Live site: https://www.dndscribe.com
Repository: https://github.com/f00d4tehg0dz/DiscordTranscribeDnD

This article focuses on how it works internally: the audio pipeline, chunking strategy, data modeling, AI usage, and scalability decisions.

System Overview

At a high level, DnD Scribe consists of:

Discord bot (Node.js + discord.js)
Audio ingestion + chunking layer
Speech-to-text pipeline using OpenAI Whisper
Summarization and enrichment using GPT models
Persistence layer using MongoDB
Web UI for browsing campaigns and sessions

Conceptual flow:

Discord Voice Channel
        ↓
Per-user audio capture
        ↓
PCM buffer → WAV chunk
        ↓
Whisper transcription
        ↓
MongoDB (raw segments)
        ↓
LLM summarization
        ↓
MongoDB (summaries + metadata)
        ↓
Web UI / Discord output

The key engineering challenge is handling long-running voice sessions reliably without exhausting memory, API limits, or losing context.
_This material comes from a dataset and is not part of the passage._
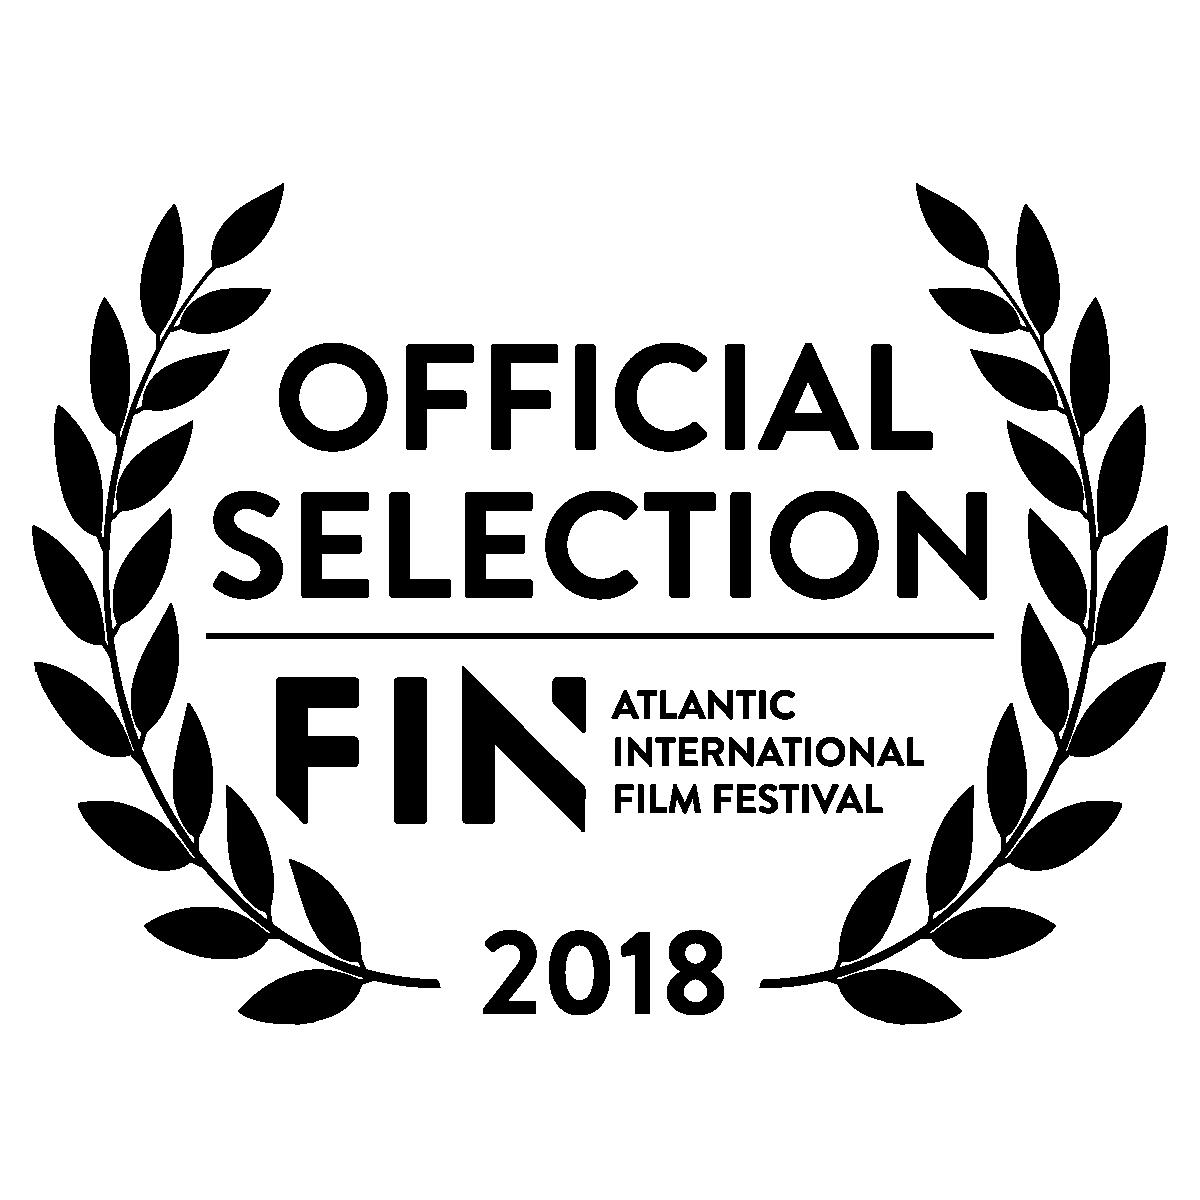 FIN_Festival-2018-Laurels-Official_Selection.png

Capturing and Chunking Discord Audio

Discord voice data arrives as continuous PCM frames. Streaming that entire feed into a single transcription request is not viable:

Whisper has practical duration limits
Memory would grow unbounded
Network failures would corrupt large chunks

Instead, DnD Scribe uses a rolling chunk buffer.

Chunking Strategy

Each speaking user maintains:

An in-memory PCM buffer
Timestamp of the last received audio frame
Byte length counter

When either condition is met:

Buffer exceeds N seconds (e.g., 20–30s)
Silence gap exceeds M milliseconds

The buffer is flushed into a WAV file and queued for transcription.

Pseudo-logic:

if (bufferDuration >= MAX_CHUNK_SECONDS || silenceGap > MAX_SILENCE_MS) {
  flushBufferToWav();
  enqueueForTranscription(wavPath);
  resetBuffer();
}

This yields:

Predictable file sizes
Fast turnaround for transcripts
Minimal memory pressure

Why Not Stream Directly?

Streaming APIs are fragile under long sessions and transient network issues. File-based chunking provides:

Natural retry boundaries
Persistent audit trail
Easier debugging

If a chunk fails, it can simply be retried.

WAV Conversion Pipeline

Discord voice packets arrive as Opus → decoded into PCM → written to WAV.

Typical flow:

const opusDecoder = new prism.opus.Decoder({
  rate: 48000,
  channels: 2,
  frameSize: 960
});

pcmStream.pipe(opusDecoder).pipe(wavWriter);

Design choices:

48kHz stereo to preserve clarity
Standard WAV container for Whisper compatibility
Temporary filesystem storage instead of memory buffers

This decouples capture from transcription and prevents memory ballooning.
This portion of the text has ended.